Disk drive performance for writing/reading large files
is rather sensitive to outer-/inner-diameter cylinder
placement. When I create the same file multiple times
on newly-created ext[234] file systems on the same disk
partition, I find that it does not consistently occupy
the same blocks. In fact, there is enough difference in
location to cause real differences in performance from
test to test, which I cannot justify to management.
We are currently on 2.6.32.12, using a 32-bit powerpc.

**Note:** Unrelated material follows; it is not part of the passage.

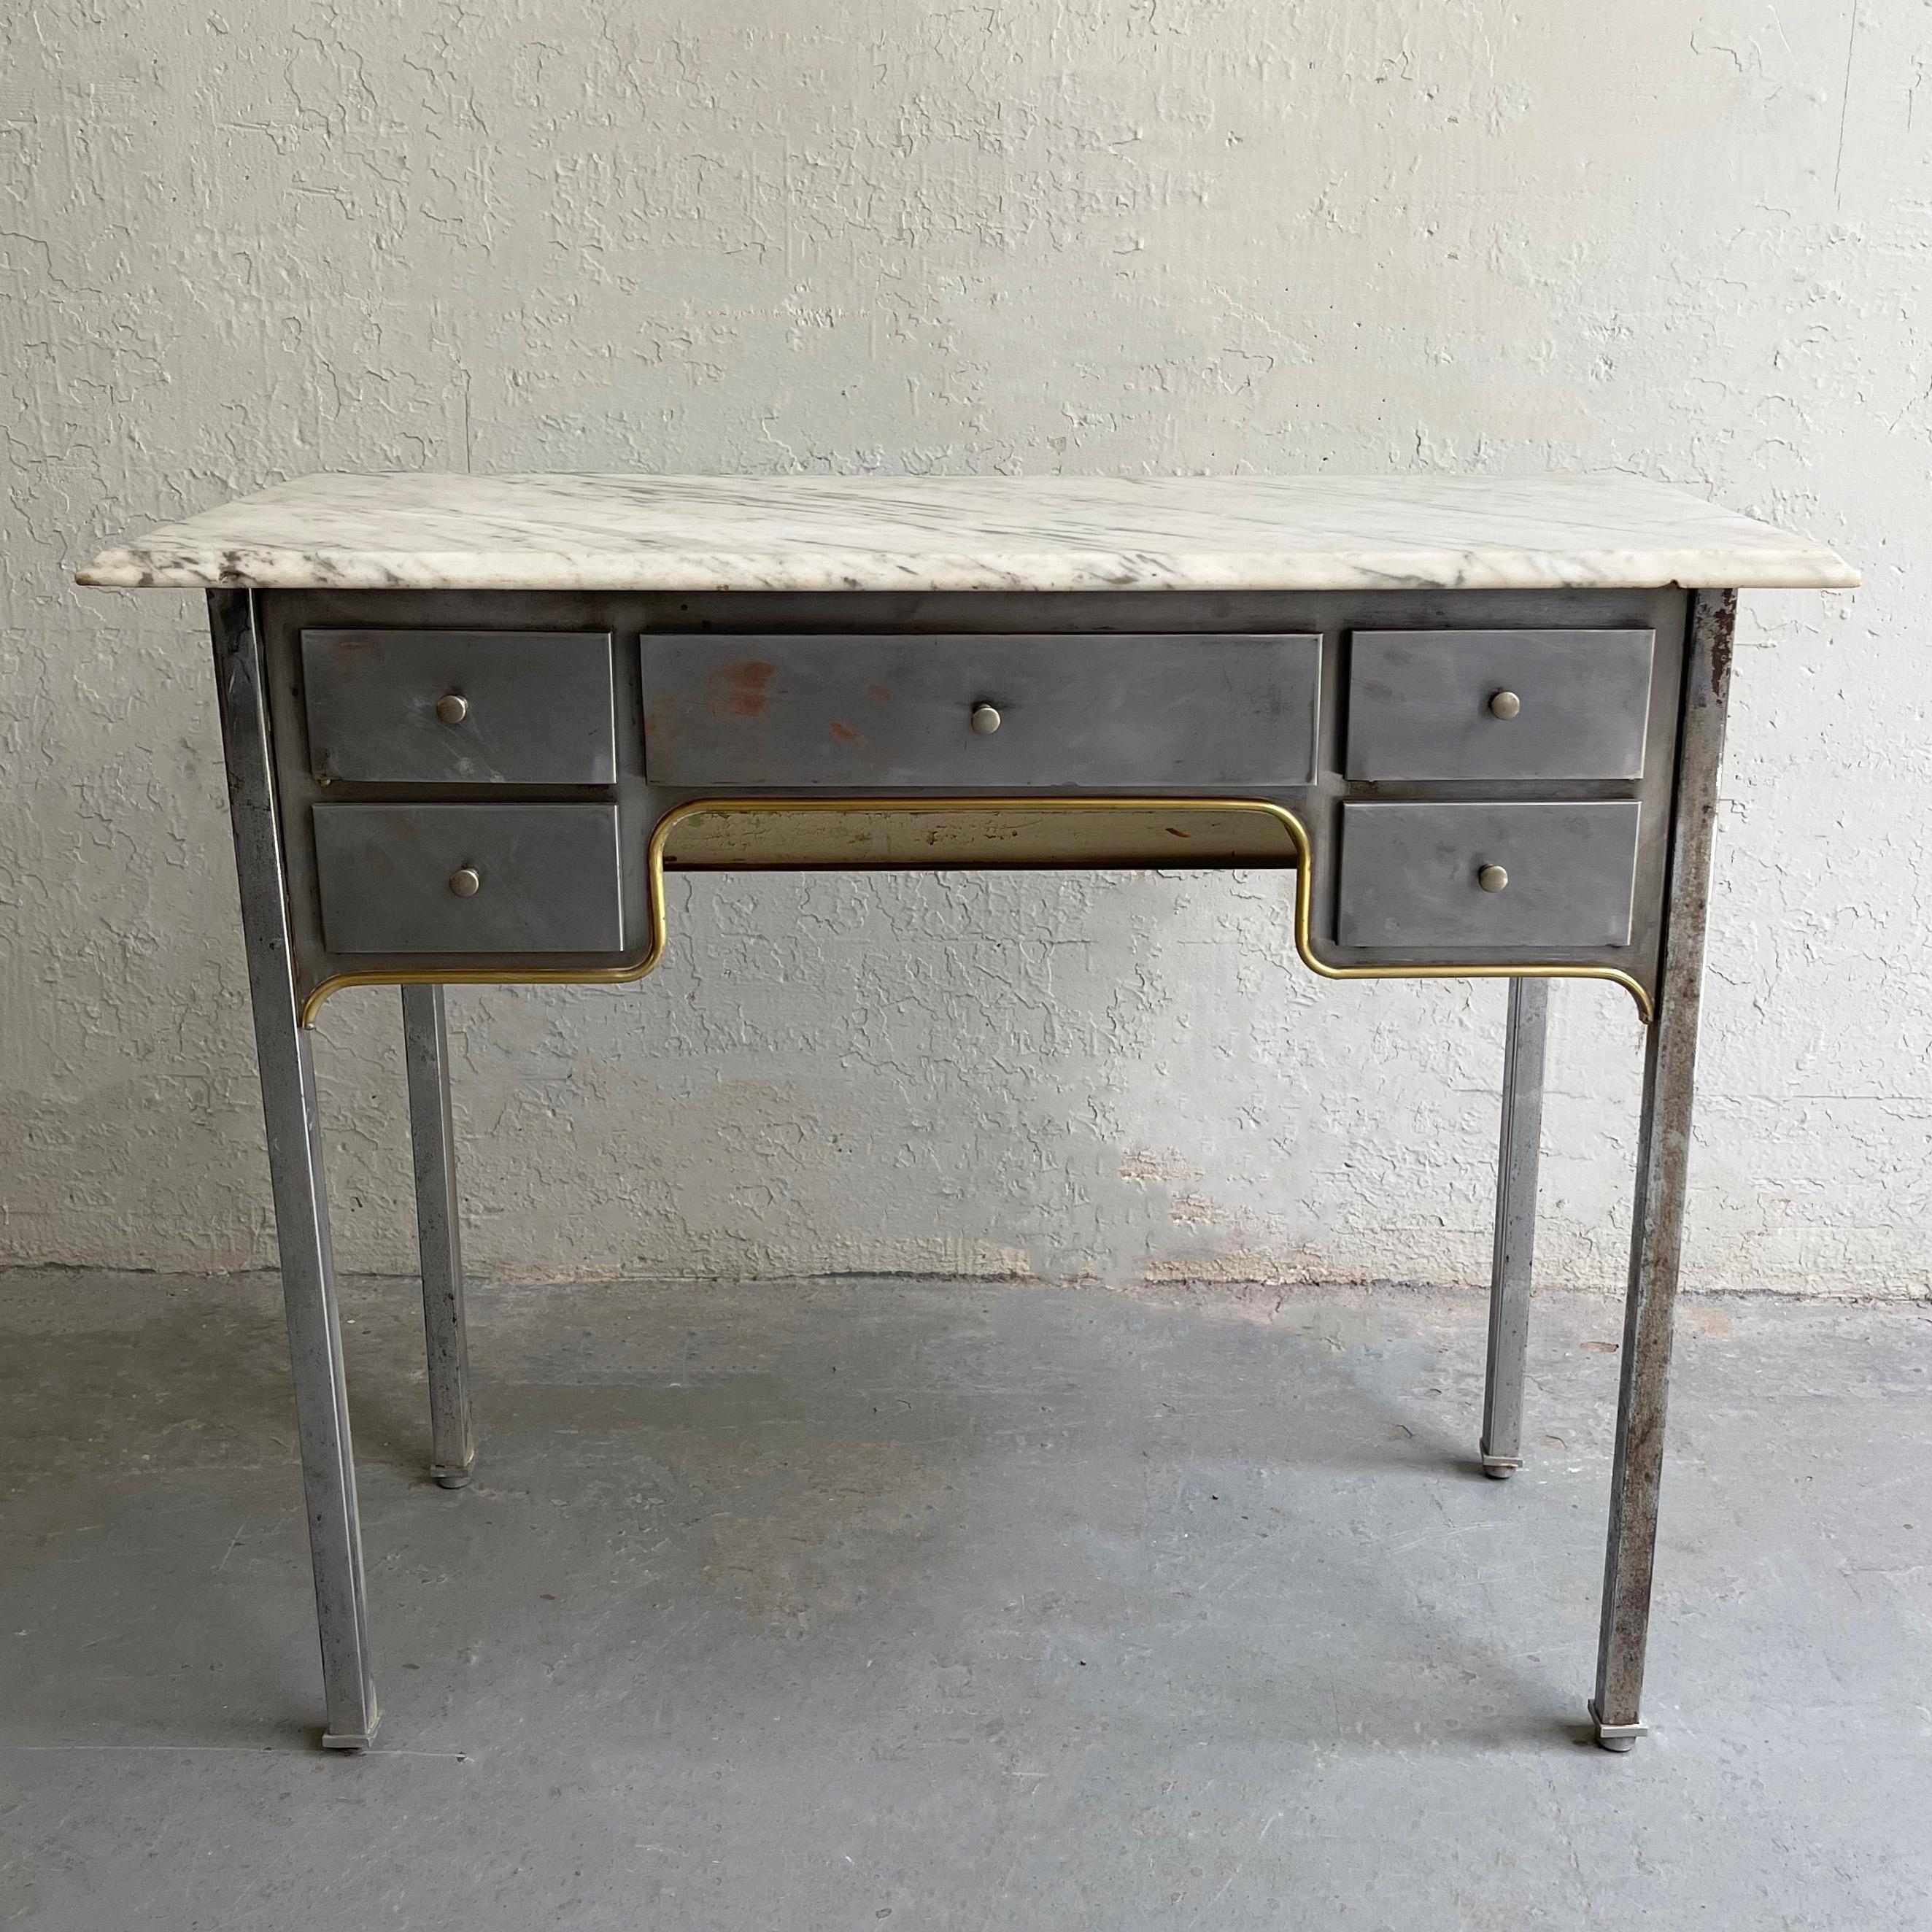 Early 20th century, industrial, brushed steel desk features a contrasting white marble top with beveled edge and five drawers with brass trim underneath them. This petite piece works beautifullly as a small desk, a vanity or entryway table. The

The
system is booted from tftp and the root file system is NFS
for the test. The partition used is always the same one,
and it is the only one mounted from the disk. There is
always exactly one (5G) file created using the same command
"for i in 1 2 3 4 5; do dd if=/hex.txt bs=64K; \
done >>/DataVolume/hex.txt", where /hex.txt is a 1G file
and /DataVolume is the mounted disk partition.

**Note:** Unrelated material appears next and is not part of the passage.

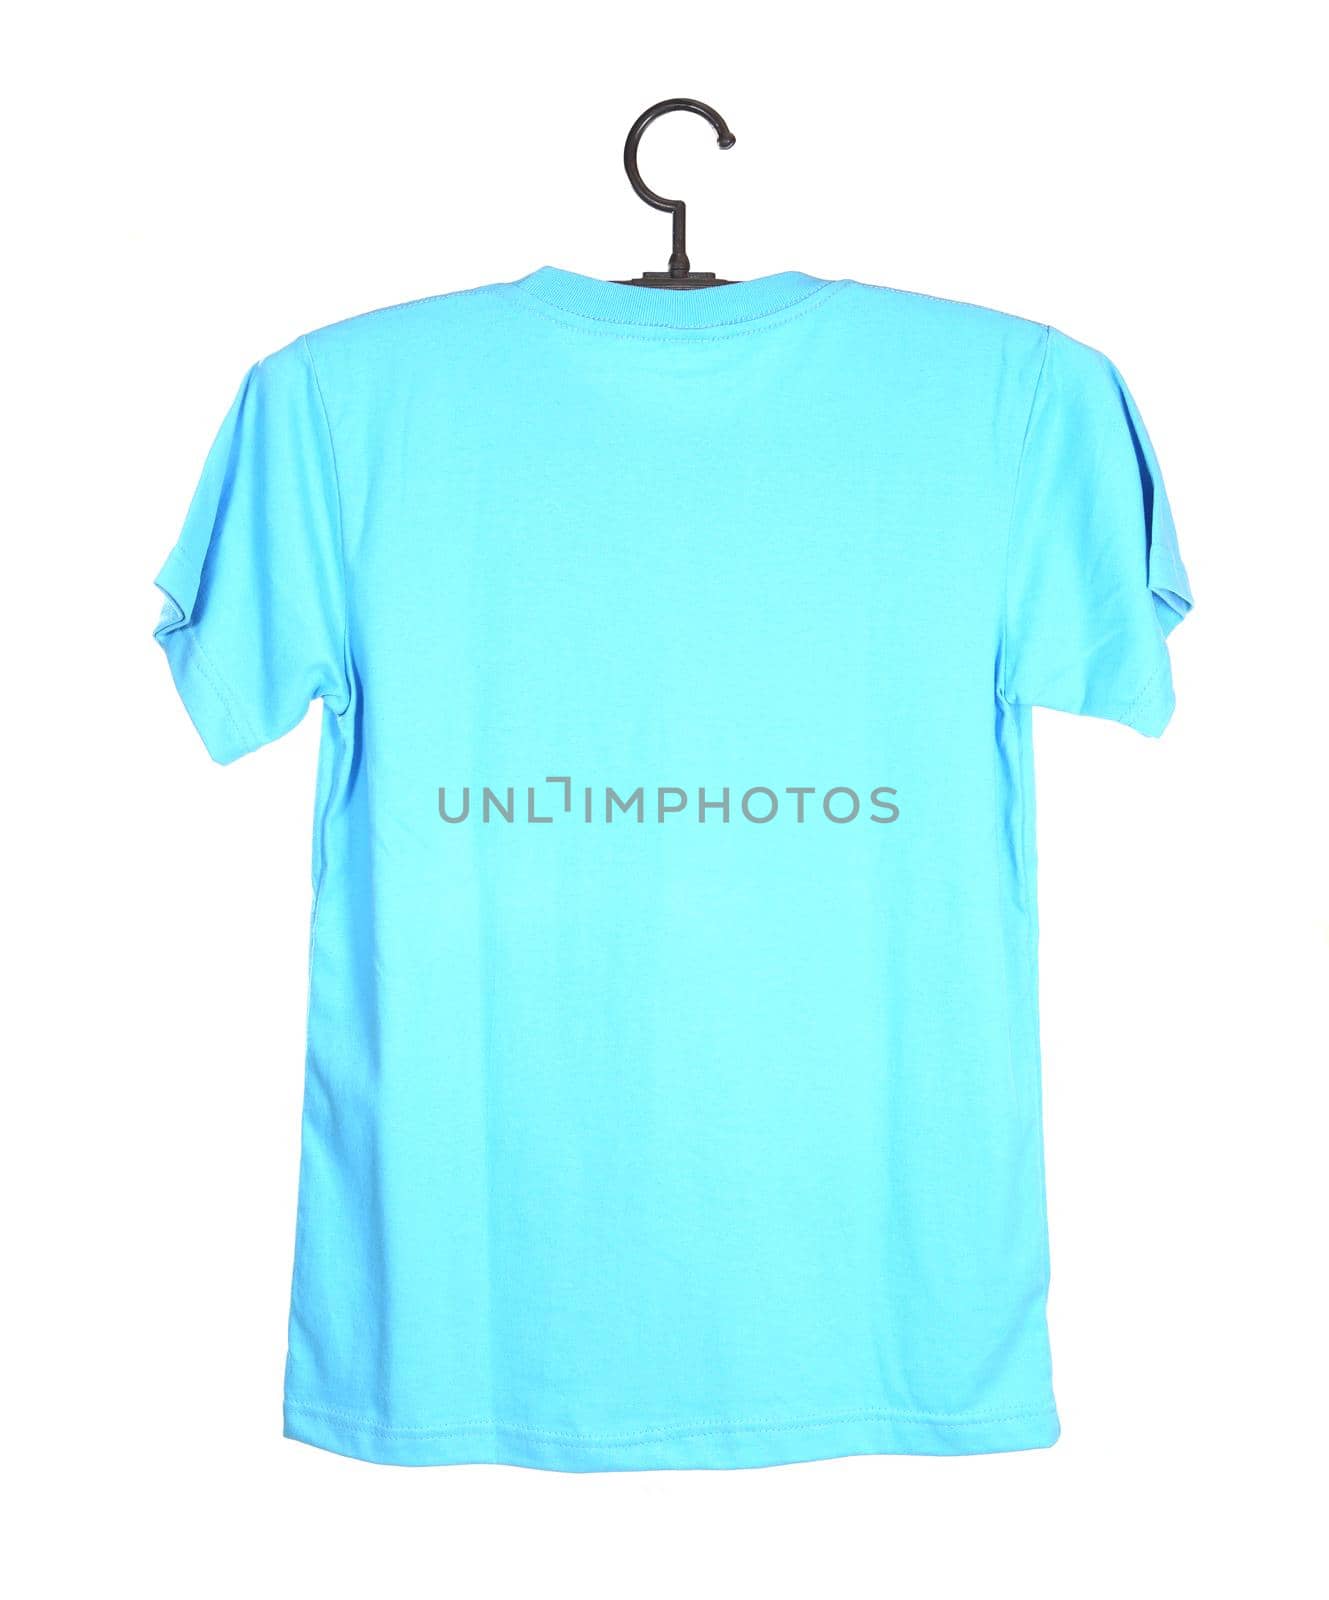 blue t-shirt template on hanger (back side) isolated on white background

I have tried, as I said, ext[234], and have tinkered with
most of the options, including orlov/oldallocator, and the
behavior doesn't change. Here's a sample of dumpe2fs
output from three runs, in a diff3:
====
1:51,52c
44750 free blocks, 65268 free inodes, 2 directories
Free blocks: 295-45044
2:51,52c
11990 free blocks, 65268 free inodes, 2 directories
Free blocks: 295-12284
3:51,52c
40655 free blocks, 65268 free inodes, 2 directories
Free blocks: 295-40949
====
1:59,60c
3794 free blocks, 65280 free inodes, 0 directories
Free blocks: 65819-65823, 127267-131055
2:59,60c
36554 free blocks, 65280 free inodes, 0 directories
Free blocks: 65819-65823, 94507-131055
3:59,60c
7889 free blocks, 65280 free inodes, 0 directories
Free blocks: 65819-65823, 123172-131055
Thanks for any help,
Dan
Daniel Taylor wrote:
> I realize that it is enerally not a good idea to tune
> an operating system, or subsystem, for benchmarking, but
> there's something that I don't understand about ext[234]

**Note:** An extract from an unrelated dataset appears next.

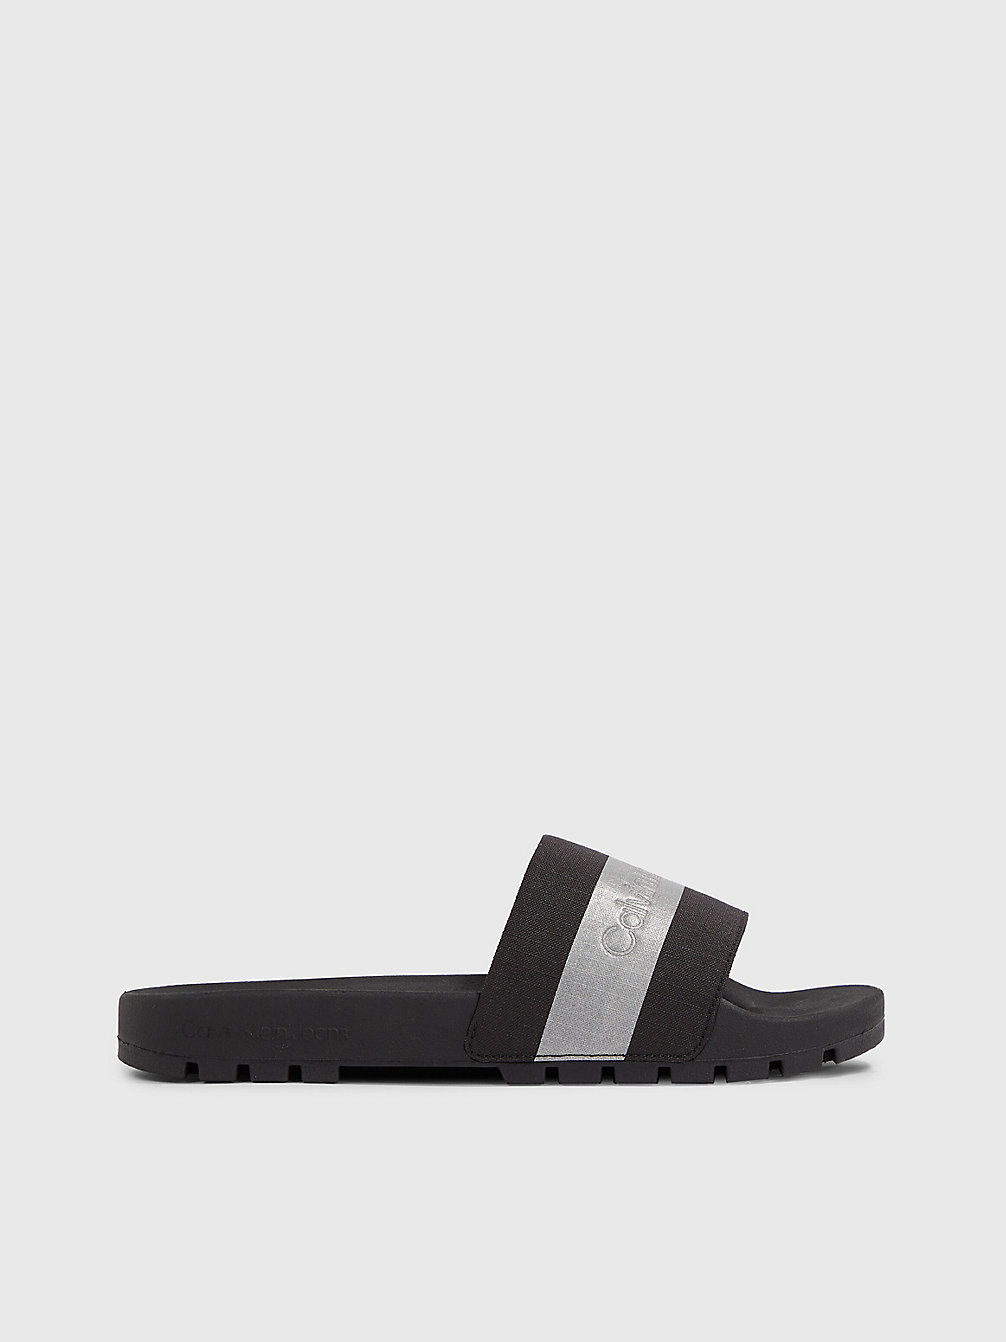 BLACK/REFLECTIVE TAPE Recycled Sliders undefined men Calvin Klein

> that is badly affecting our product. File placement on
> newly-created file systems is inconsistent. I can't,
> yet, call it a bug, but I really need to understand what
> is happening, and I cannot find, in the source code, the
> source of the randomization (related to "goal"???).
>
> Disk drive performance for writing/reading large files
> is rather sensitive to outer-/inner-diameter cylinder
> placement. When I create the same file multiple times
> on newly-created ext[234] file systems on the same disk
> partition, I find that it does not consistently occupy
> the same blocks. In fact, there is enough difference in
> location to cause real differences in performance from
> test to test, which I cannot justify to management.
>
> We are currently on 2.6.32.12, using a 32-bit powerpc. The
> system is booted from tftp and the root file system is NFS
> for the test. The partition used is always the same one,
> and it is the only one mounted from the disk. There is
> always exactly one (5G) file created using the same command
> "for i in 1 2 3 4 5; do dd if=/hex.txt bs=64K; \
> done >>/DataVolume/hex.txt", where /hex.txt is a 1G file
> and /DataVolume is the mounted disk partition.
>
> I have tried, as I said, ext[234], and have tinkered with
> most of the options, including orlov/oldallocator, and the
> behavior doesn't change. Here's a sample of dumpe2fs
> output from three runs, in a diff3:
>
> ====
> 1:51,52c
> 44750 free blocks, 65268 free inodes, 2 directories
> Free blocks: 295-45044
> 2:51,52c
> 11990 free blocks, 65268 free inodes, 2 directories
> Free blocks: 295-12284
> 3:51,52c
> 40655 free blocks, 65268 free inodes, 2 directories
> Free blocks: 295-40949
> ====
> 1:59,60c
> 3794 free blocks, 65280 free inodes, 0 directories
> Free blocks: 65819-65823, 127267-131055
> 2:59,60c
> 36554 free blocks, 65280 free inodes, 0 directories
> Free blocks: 65819-65823, 94507-131055
> 3:59,60c
> 7889 free blocks, 65280 free inodes, 0 directories
> Free blocks: 65819-65823, 123172-131055
>
> Thanks for any help,
Using a recent e2fsprogs, and the "filefrag -v" command, will
give you much more interesting layout information:
# filefrag -v testfile
Filesystem type is: ef53
File size of testfile is 1073741824 (262144 blocks, blocksize 4096)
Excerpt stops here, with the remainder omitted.